Task to carry out: Could you set down the listing below exactly and omit its images?

Dataset section:
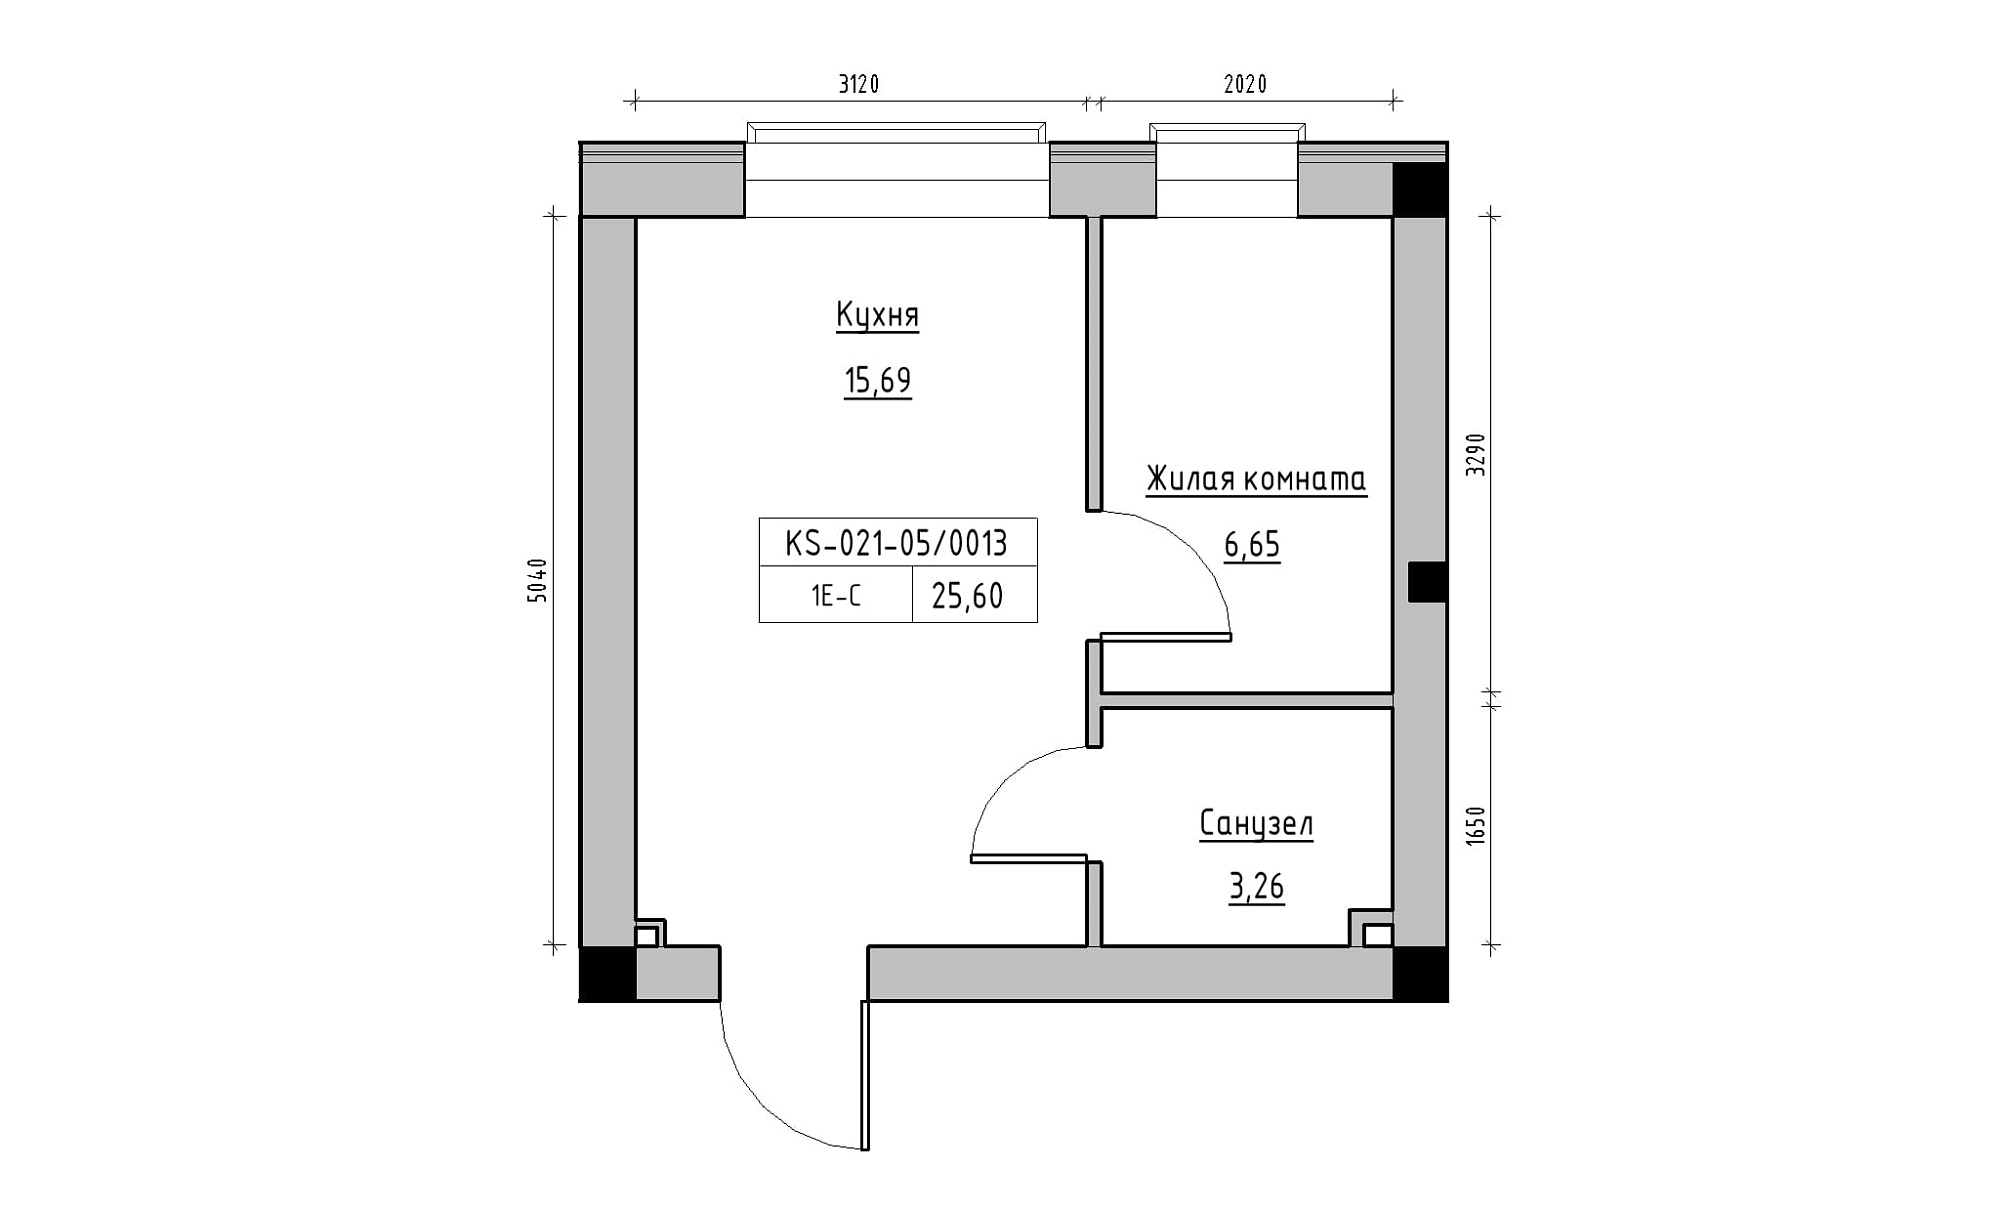 Планировка 1-к квартира площей 25.6м2, KS-021-05/0013.
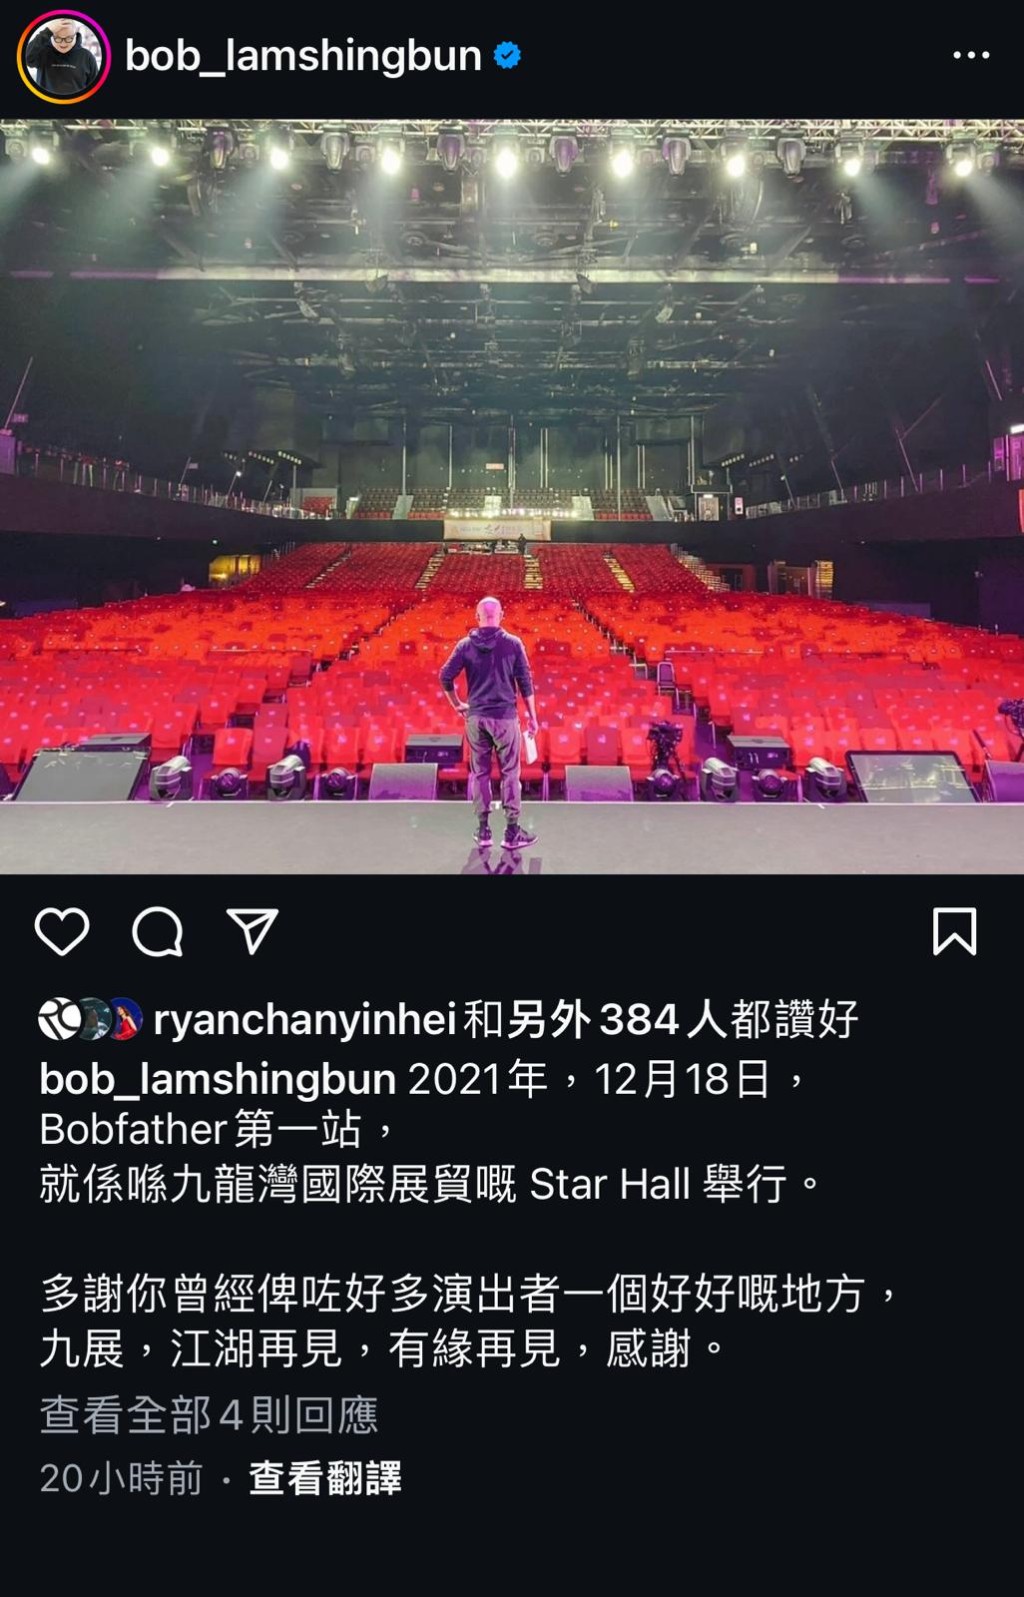 林盛斌曾在2021年12月於Star Hall 舉行《Bobfather》第一站。
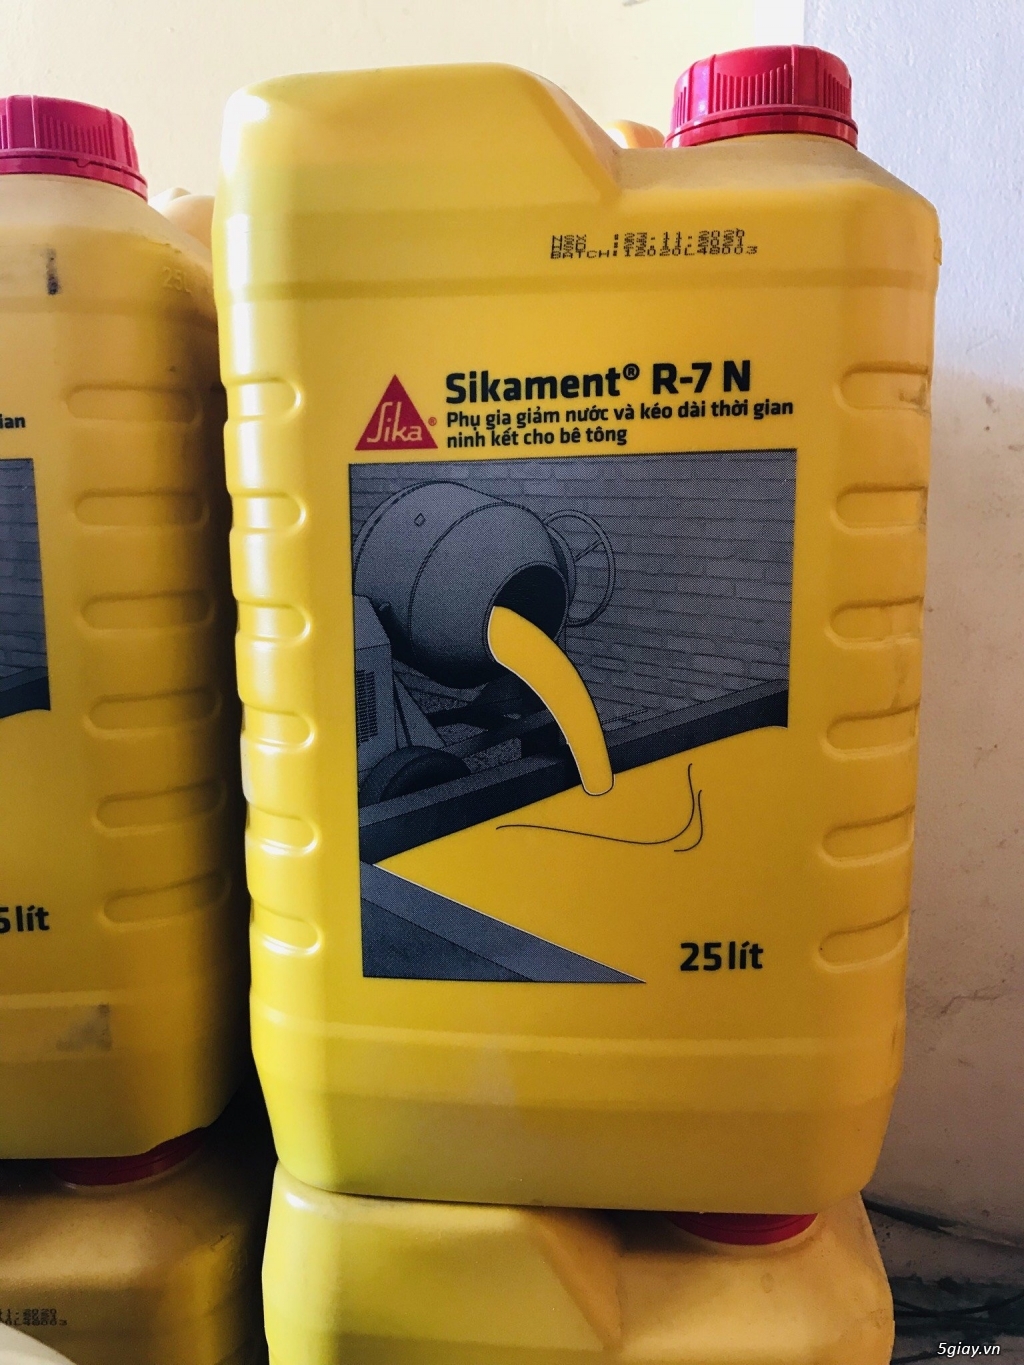 Sikament-R7N - Phụ gia giảm nước và kéo dài thời gian ninh kết bê tông

Answer below:
 Планировка 1-к квартира площей 25.6м2, KS-021-05/0013.
 林盛斌曾在2021年12月於Star Hall 舉行《Bobfather》第一站。
 Sikament-R7N - Phụ gia giảm nước và kéo dài thời gian ninh kết bê tông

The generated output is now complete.